[SOLVED] COS level - if 1st login, force user change pass.

[aurfalien]

Hi all,

While there is a way to force a specific user to change their pass upon 1st log in, is there a way to do it globally/at the COS level?

I'm trying to automate account creation.

* This can be done in Exchange and Communigate

[mmorse]

zmprov mc COSname zimbraPasswordMustChange TRUE

--Edit1--

Actually it's not available on COS or domain:

Quote:

<attr id="41" name="zimbraPasswordMustChange" type="boolean" cardinality="single" optionalIn="account" flags="domainAdminModifiable">
<desc>must change password on auth</desc>
</attr>

I don't see an RFE on having zimbraPasswordMustChange in the COS or domain level, so you feel free to open one in bugzilla if you want.

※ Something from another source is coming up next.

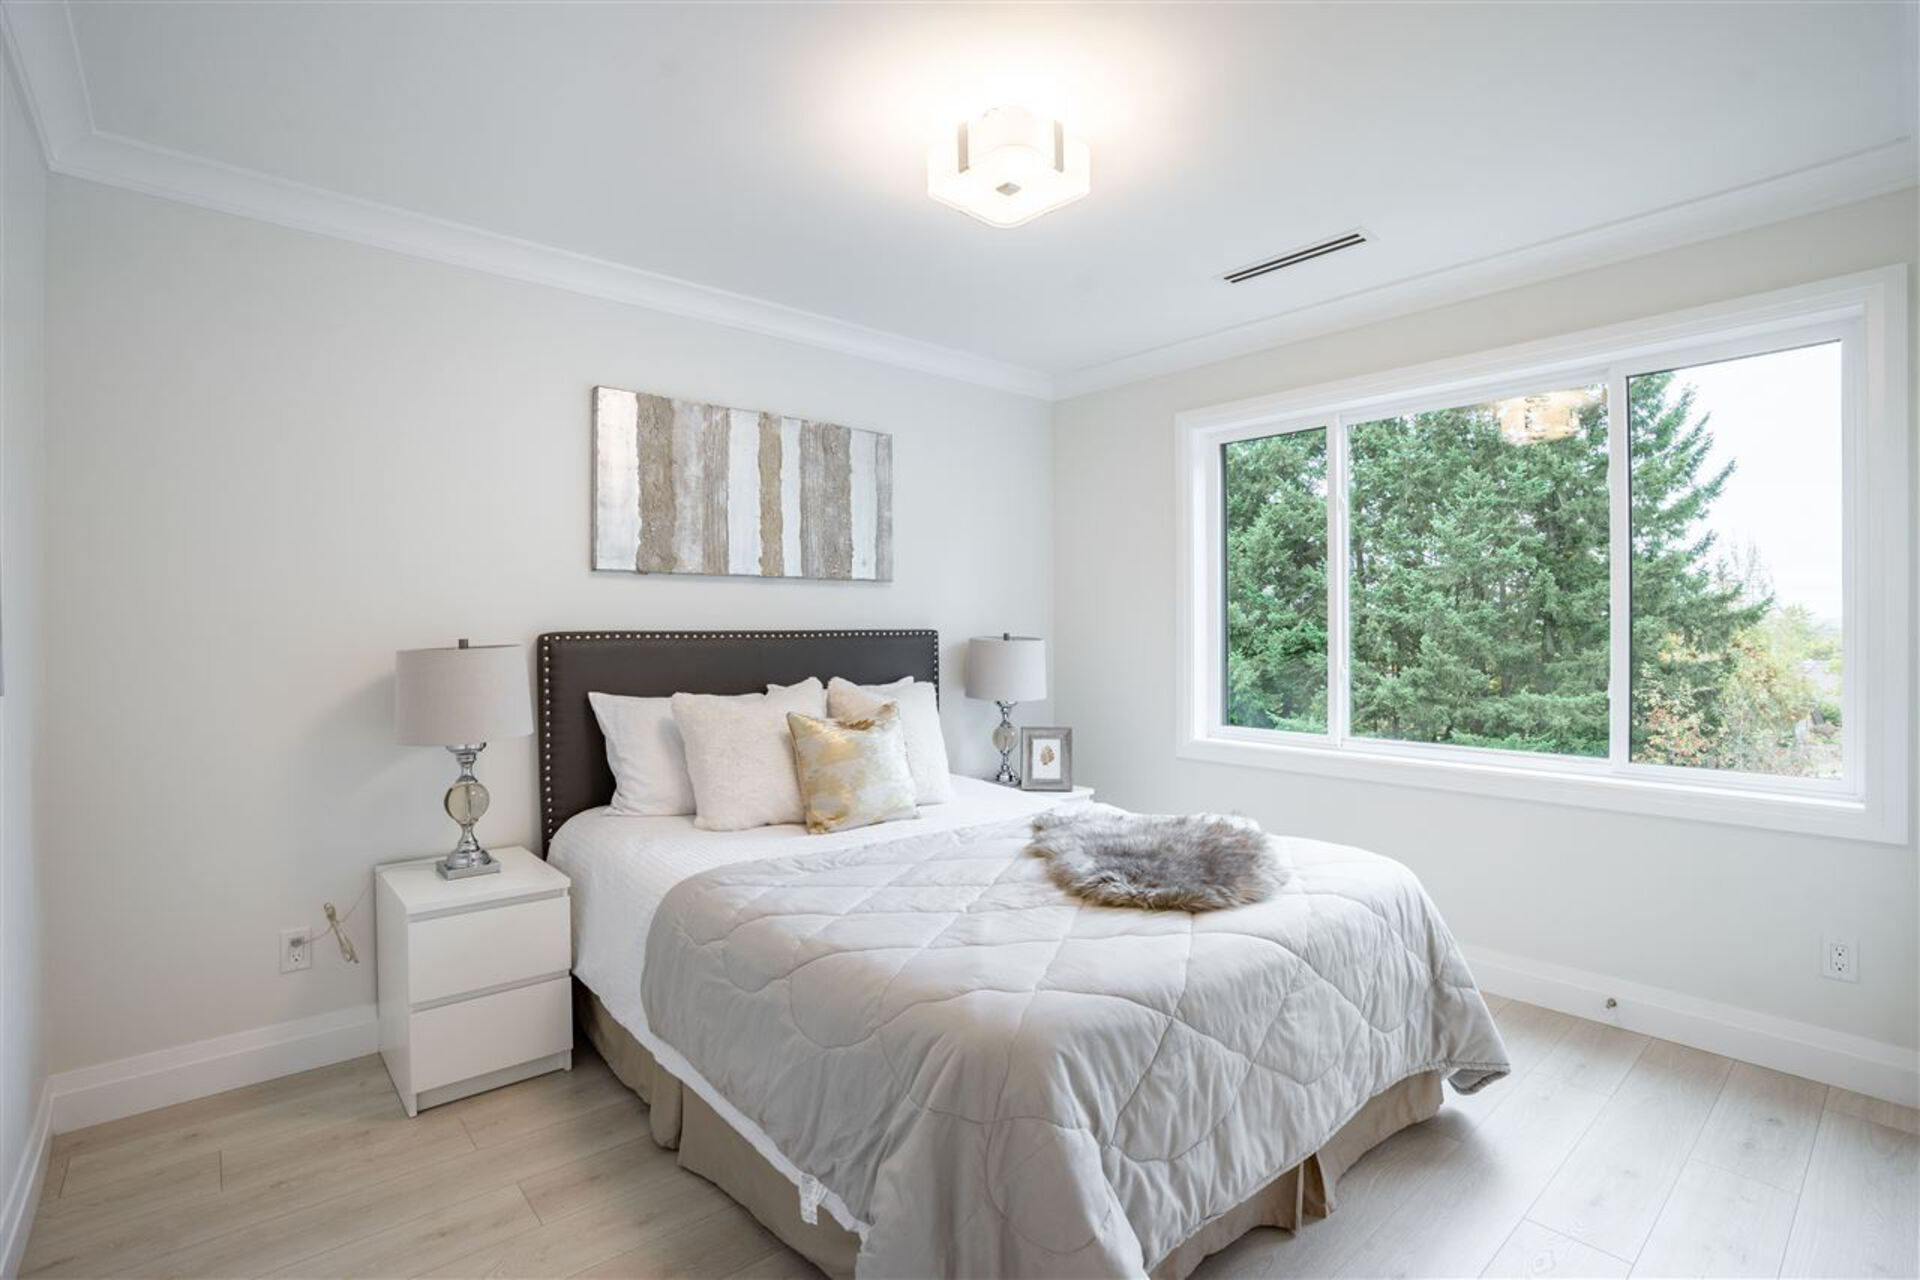 5607-royal-oak-avenue-forest-glen-bs-burnaby-south-22 at 5607 Royal Oak Avenue, Forest Glen BS, Burnaby South

So either script it into the account creation:

Code:

zmprov ca user@domain.com tempPassword zimbraPasswordMustChange TRUE                      
zmprov ca user@domain.com '' zimbraPasswordMustChange TRUE

OR get a list of all users in a COS then apply it to them:

Code:

zmprov gc COSName | grep zimbraId
zmprov sa zimbraCOSId=string > accounts.txt

More methods here [SOLVED] Looking for reporting output of names, accounts, lists, alias, etc. like:

Quote:

zmprov gac -v | grep -e cn: -e zimbraId
zmprov gaa -v | grep -e mail: -e zimbraCOSId | grep -B1 PutCOSIdStringHere | grep mail: | awk '{print $2}'

Check that file to make sure you didn't hit Bug 29763 - Missing zimbraCOSId when set to auto
Then take that list back in:
zmprov < file.txt where file.txt contains ma user@domain.com zimbraPasswordMustChange TRUE

---Edit2---

Even easier do:

Code:

zmprov gc COSName | grep zimbraId
nano /opt/zimbra/somewhere/script.sh

-copy the below & save
-make the file readable & executable with chmod
-then run ./script.sh as root or zimbra

Code:

#!/bin/bash
for i in `/opt/zimbra/bin/zmprov sa zimbraCOSId=IDStringHERE`
do
  echo $i
  /opt/zimbra/bin/zmprov ma $i zimbraPasswordMustChange TRUE
done

[aurfalien]

Mike,

Thank you sooo much, yoda man! You just made my life much easier.

I got this message from a buddy of mine who asked tech support;

I am sorry but a feature of such sort is not available at the cos level. However while creating an account you can select that option in the Admin console. And if you are using CLI then you can use the following command to enforce password change at first login:

zmprov ca user@domain.com <password> zimbraPasswordMustChange 'TRUE'

Thanks and Regards,

[mmorse]

I gather you saw my edits on setting it during account creation, but wanted to point out it can be done via simple script even if already provisioned - assuming your not suffering from bug Bug 29763 - Missing zimbraCOSId when set to auto or something it's an easy:

Code:

zmprov gc COSName | grep zimbraId
nano /opt/zimbra/somewhere/script.sh

-copy the below & save
-make the file readable & executable with chmod
-then run ./script.sh as root or zimbra

Code:

#!/bin/bash
for i in `/opt/zimbra/bin/zmprov sa zimbraCOSId=PutIDStringHere`
do
  echo $i
  /opt/zimbra/bin/zmprov ma $i zimbraPasswordMustChange TRUE
done

[aurfalien]

Hi Mike,

Thanks for the reply.

I would like to add he zmprov ca zimbraPasswordMustChange TRUE to my zmexternaldirsync script but am unsure where to put it.

I searched for zmprov ca but it appears that the only instance of zmprov ca is for logging purposes.

However there are many zmprov instances in the file.

You mind looking at zmexternaldirsync to suggest were I should place it?

I understand that this is advice that is "as is" so iI won't be nagging you. however I just need a nudge in the right direction.

Let me know and I can post the script for you.

[aurfalien]

Hi Mike,

Looks like I hit that bug.

How do I un-set class of service to auto?

When I run /opt/zimbra/bin/zmprov sa zimbraCOSId=mycosid#

Nothing comes back.

I got the COSId by doing;

zmprov gc COSName | grep zimbraId

[aurfalien]

I'm posting this for anyone following this thread.

I use an external LDAP directory and have Zimbra syncing accounts off of it.

The script; zmexternaldirsync is very useful for this however I modified the following line so that all users who get provisioned are forced to change there password upon 1st login to Zimbra webmail;

line 1969 of zmexernaldirsync

change line from;

print ZMPROV "ca $str\n";

to;

print ZMPROV "ca $str zimbraPasswordMustChange TRUE\n";

The zmexternaldirsync script allows you to force a single password for all accounts that get provisioned. I set this password to be generic so that users can login to Zimbra and change it.

I also setup Drupal so that the same type of policy holds true for there external LDAP accounts as well.